Кажись, опять скребется за дверью. Сергеич напряг слух. Встал и пошел к дверному глазку. Действительно, стоит. В сумках роется. Лекарство, видать, забыла.
Пардон, ошибся. Филькина вынула из сумки сотовый телефон и тихонько пошла от двери. Затем вжалась ухом в трубку и произнесла фразу, от которой мурашки по спине: Сергеич слушал, стоя на сквозняке.
– Я на объекте… – бормотала Тамара. – Иждивенец, повторяю, давно созрел!..
Последнюю фразу она выкрикнула, вероятно, от наплыва чувств.
Вот оно! Иждивенец! Нахлебник!.. Ваня Гирин как в воду смотрел.
Сергеич тихо прикрыл дверь и защелкнул замок. Тамара на площадке продолжала чирикать. Ну и шельма!
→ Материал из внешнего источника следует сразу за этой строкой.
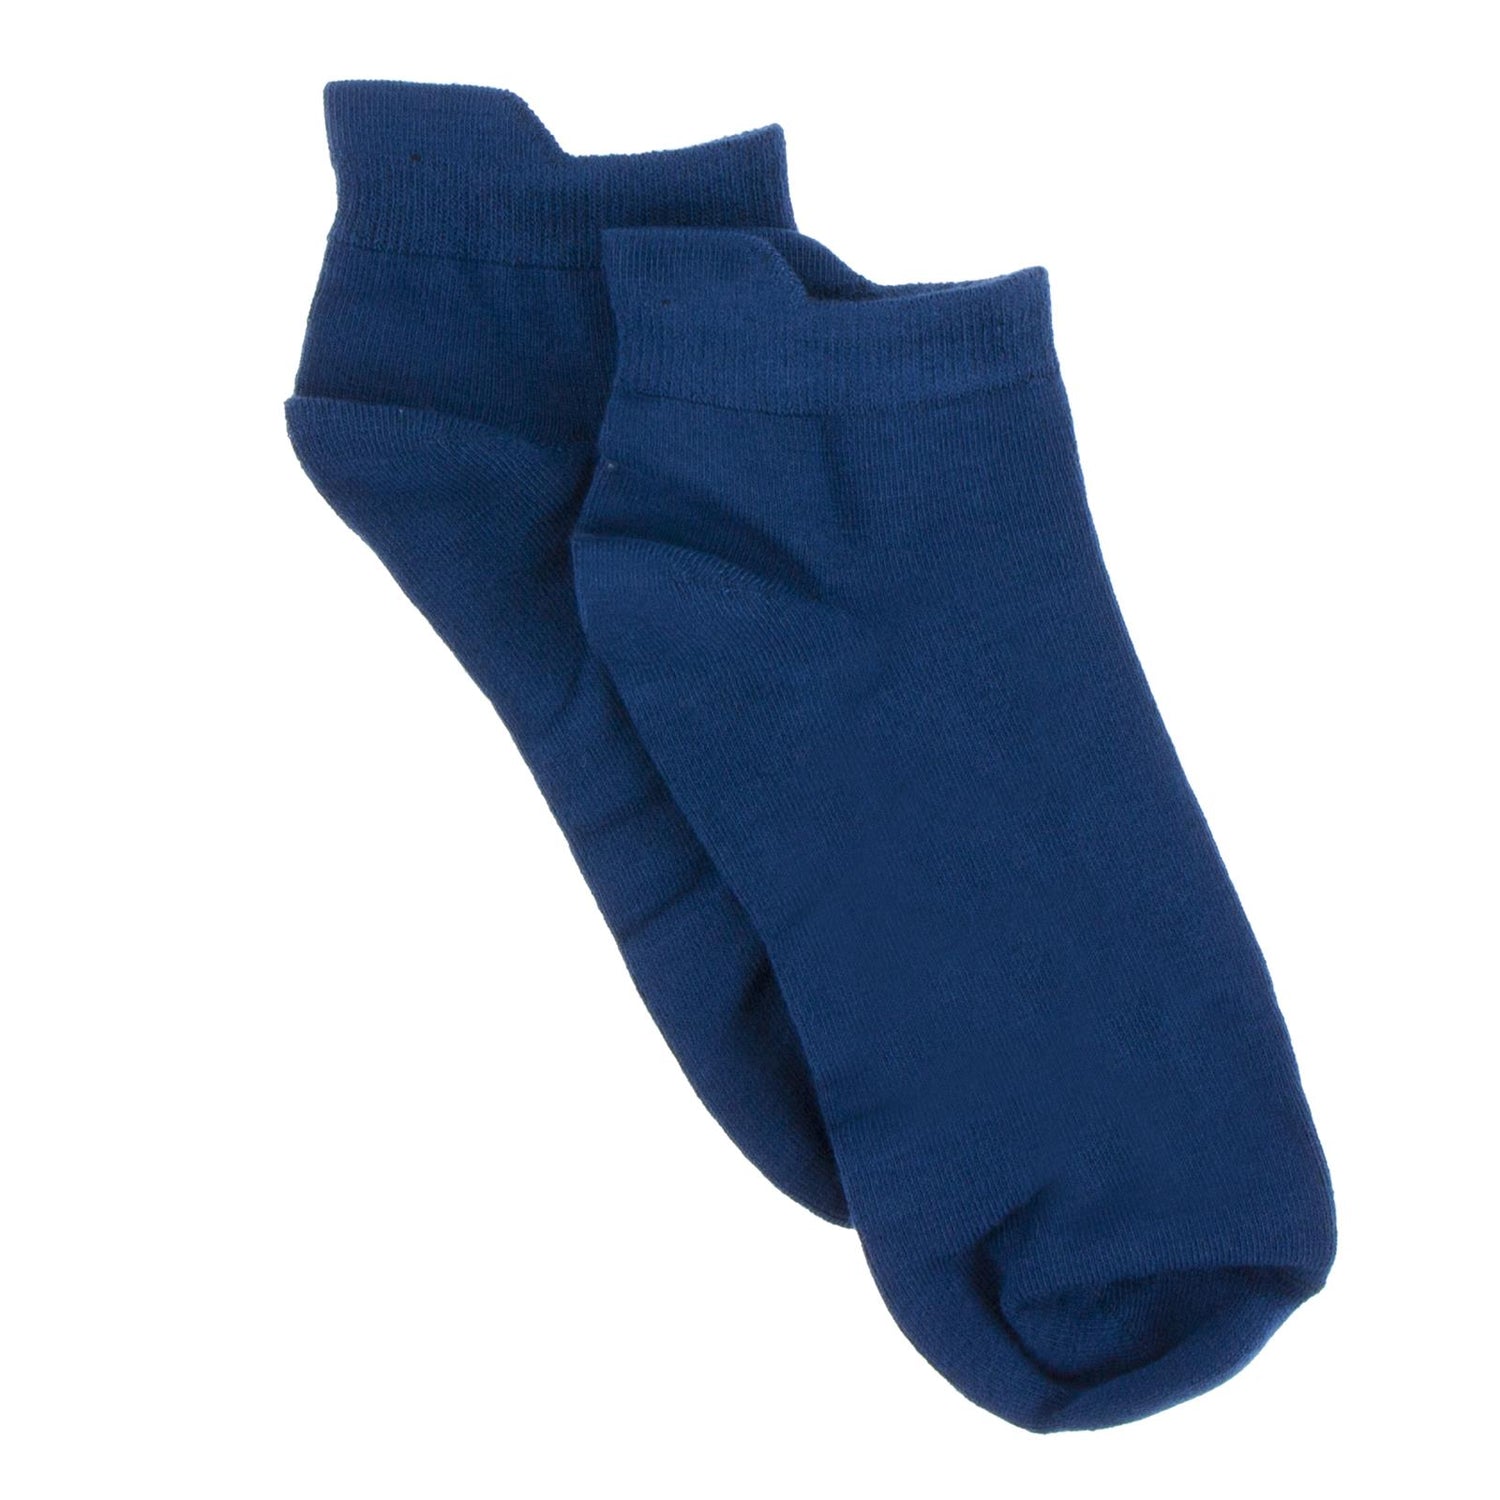 Men's Low Socks in Navy

За дверью вновь послышался шорох. Потом прозвенел квартирный звонок. Лушников не знал, что делать. Пригрел змею… Потом вдруг кашлянул:
– Кто там?
– Я это, Сашенька…
Сергеича передернуло: нашла дурачка! Открыл дверь и пристально посмотрел в лицо. Не для того договаривались, чтобы бросать в одиночестве.
– Как ты? – спросила Филькина. А в глазах холод.
Лушников прошел в комнату, но виду не подает, что слышал разговор. Он и про мобильник впервые узнал. И она еще говорит, что концы с концами едва сводит.
Филькина села на краешек стула. Опять ей некогда. Укольчик в жопу – и бегом по асфальту.
– Знаешь, мне тоже некогда, – сказал Александр Сергеевич.
– Ты что это, Сашенька! Разве же можно тебе?..
– Нет!
– Что с тобой?
Но тот был неумолим. Некогда ему тоже сегодня, решил в баньку сходить, попариться…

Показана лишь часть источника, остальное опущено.